According to official nutritional data, a 100-gram serving of raw, ripe tomatoes contains approximately 18 calories, making it an incredibly low-energy food. This information is crucial for those monitoring their energy intake and highlights why learning how many calories are in 100 g of tomatoes is vital for dietary planning.

Quick Summary

A 100g portion of raw tomatoes typically has 18 calories, while concentrated forms like sundried tomatoes are significantly higher. This low-calorie food is rich in vitamins, minerals, and antioxidants.

Key Points

  • Low Calorie: 100g of raw tomatoes contains only around 18 calories, making them ideal for weight management.

  • Rich in Nutrients: Tomatoes are packed with vitamins C, K1, and A, along with minerals like potassium and folate.

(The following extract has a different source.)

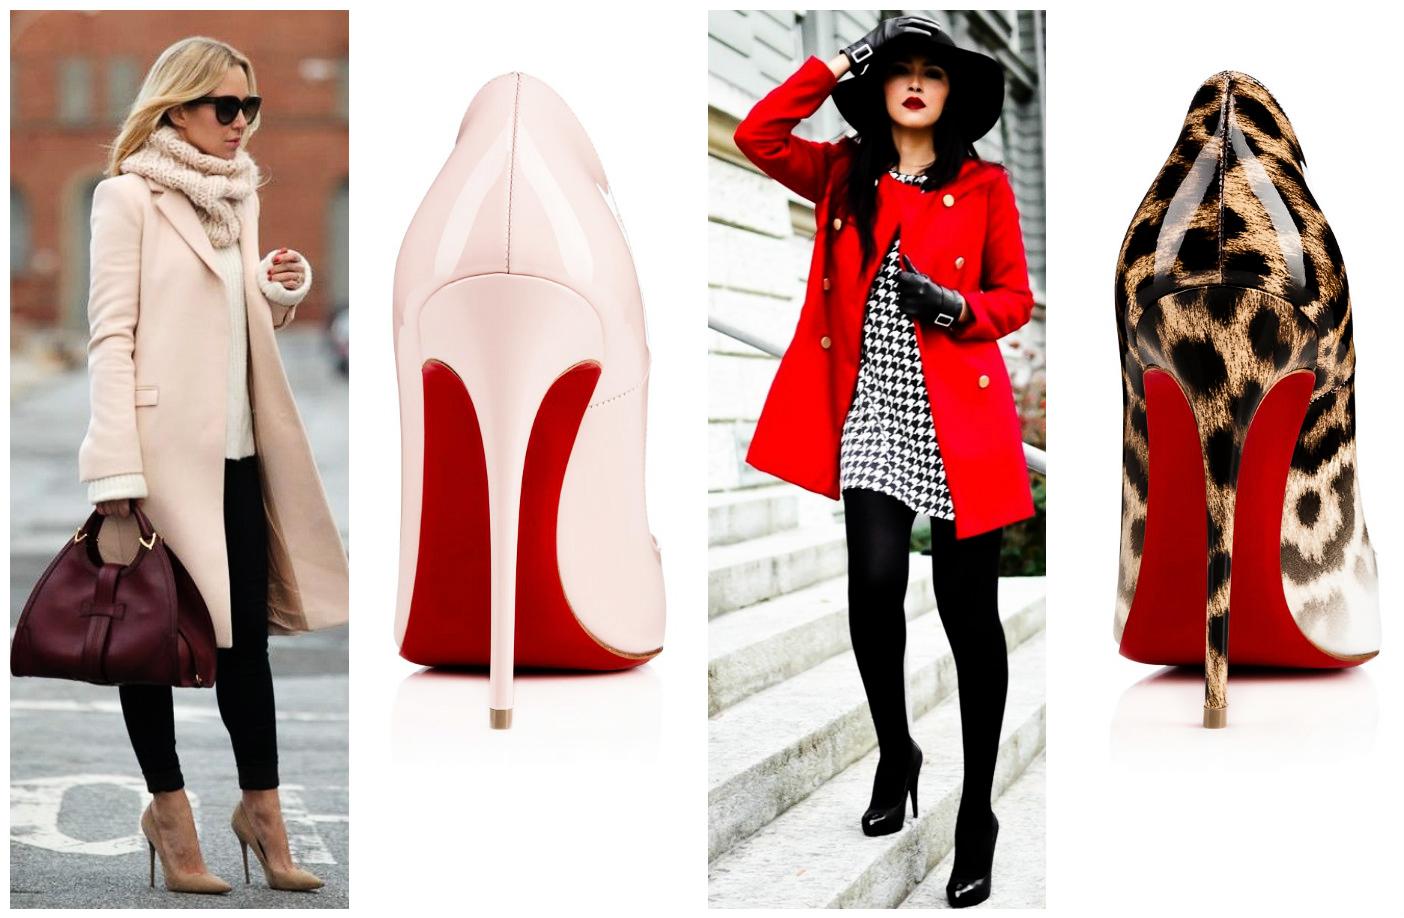 Chaussures femme: 57 Escarpins tendance pour être chic en 2017 (+propositions de looks)

  • Lycopene Powerhouse: A key antioxidant, lycopene, is found in tomatoes. Its absorption is enhanced when tomatoes are cooked.

  • Processing Matters: Dried and concentrated tomato products like sundried tomatoes have significantly more calories per 100g due to water removal.

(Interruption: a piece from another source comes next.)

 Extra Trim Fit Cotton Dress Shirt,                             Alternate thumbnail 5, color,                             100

  • Versatile Ingredient: Tomatoes can be enjoyed fresh, cooked, roasted, or in sauces, making them easy to incorporate into a healthy diet.

  • Hydrating: Composed of roughly 95% water, tomatoes are a refreshing and hydrating food source.

In This Article

Understanding Tomato Calories

At its core, a tomato is mostly water, which is why its calorie count is so low. On average, a ripe, red tomato is about 95% water. This high water content means you can consume a relatively large portion without adding significant calories, making it a satiating and diet-friendly food. The remaining 5% is where the limited caloric energy and potent nutritional benefits are found, primarily from carbohydrates and fiber.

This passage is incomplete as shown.